Моя одиссея - Авдеев Виктор Федорович 5 стр.


Я, дрожа, совал ему в рот чайную ложку и боялся, как бы он снова не лягнул меня сапогом. Когда Новиков немного затих, я спросил у названой матери:

— Он не сбесился? Чего это он говорит?

— Поди, мальчик, спать. Я теперь сама управлюсь.

Она выпроводила меня и закрыла дверь, так что у меня в передней осталась только узенькая полоска света; подслушивать было неудобно. Пол был деревянный, холодный, я стоял босиком, и от страха у меня не попадал зуб на зуб. Отчим снова стал выкрикивать про конский завод, про схороненное золото, родовое княжеское имение и вперемежку сыпал словами на каком-то незнакомом языке.

Сколько прошло времени, я не знаю. Наверно, стояла глухая полночь — с улицы не доносилось ни звука. Когда в большой комнате все затихло, я решил бежать. Кто бы ни был этот припадочный тип: нэпман, людоед или дореволюционный барин, — я не хотел у него оставаться ни за какие коврижки. Только впотьмах я никак не мог разглядеть, куда положил новую одежду. В старом барахлишке мне не хотелось возвращаться в интернат: ребята засмеют.

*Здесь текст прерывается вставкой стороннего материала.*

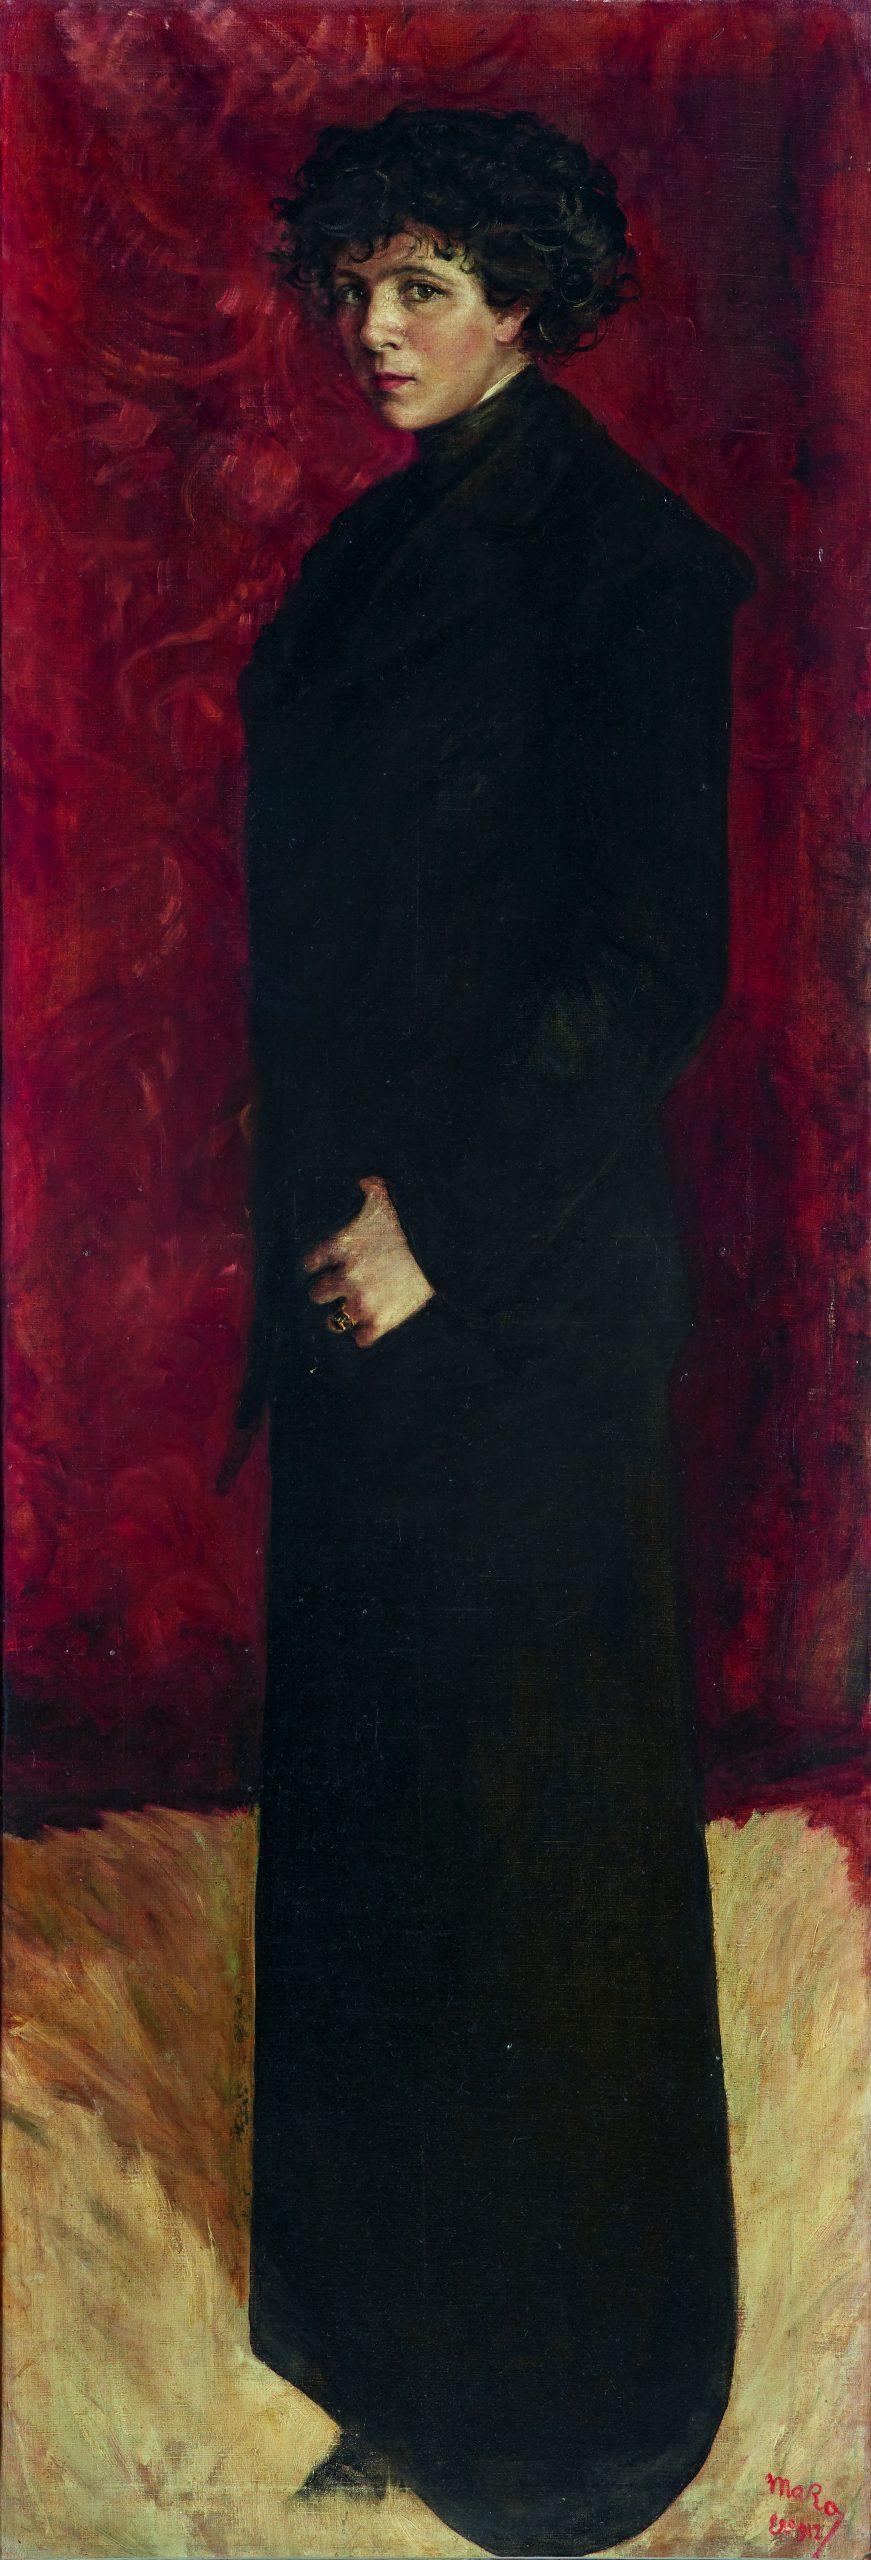 16-Autorretrato-de-cuerpo-entero-Marisa-Roesset-Maria-Luisa-Roesset-y-Velasco-1904-–-1976-Oleo-sobre-lienzo-1912-Madrid-Museo-Nacional-Centro-de-Arte-Reina-Sofia-scaled

Скоро я отыскал шапку, но она почему-то не лезла на голову и вообще стала выше. Потом я нашел левый ботинок и по оторванной подметке определил, что это мой приютский; правый ботинок куда-то запропастился, и я надел пока один. Ладно уж, в чем ни выскочить, абы уцелеть. Вытянув руки, я долго блуждал по комнате в надежде отыскать новые штаны или хотя бы дверь, пока не загремел стулом. Я бросился на постель, затаился.

«И зачем я, разнесчастный, кинул интернат? Там бы меня не стали резать на студень».

Сдерживая слезы, я крепко сжимал в кулаке вилку. Что это никто не идет по мою душу? Для виду я решил притвориться, будто сплю, а когда открыл глаза, светило утро.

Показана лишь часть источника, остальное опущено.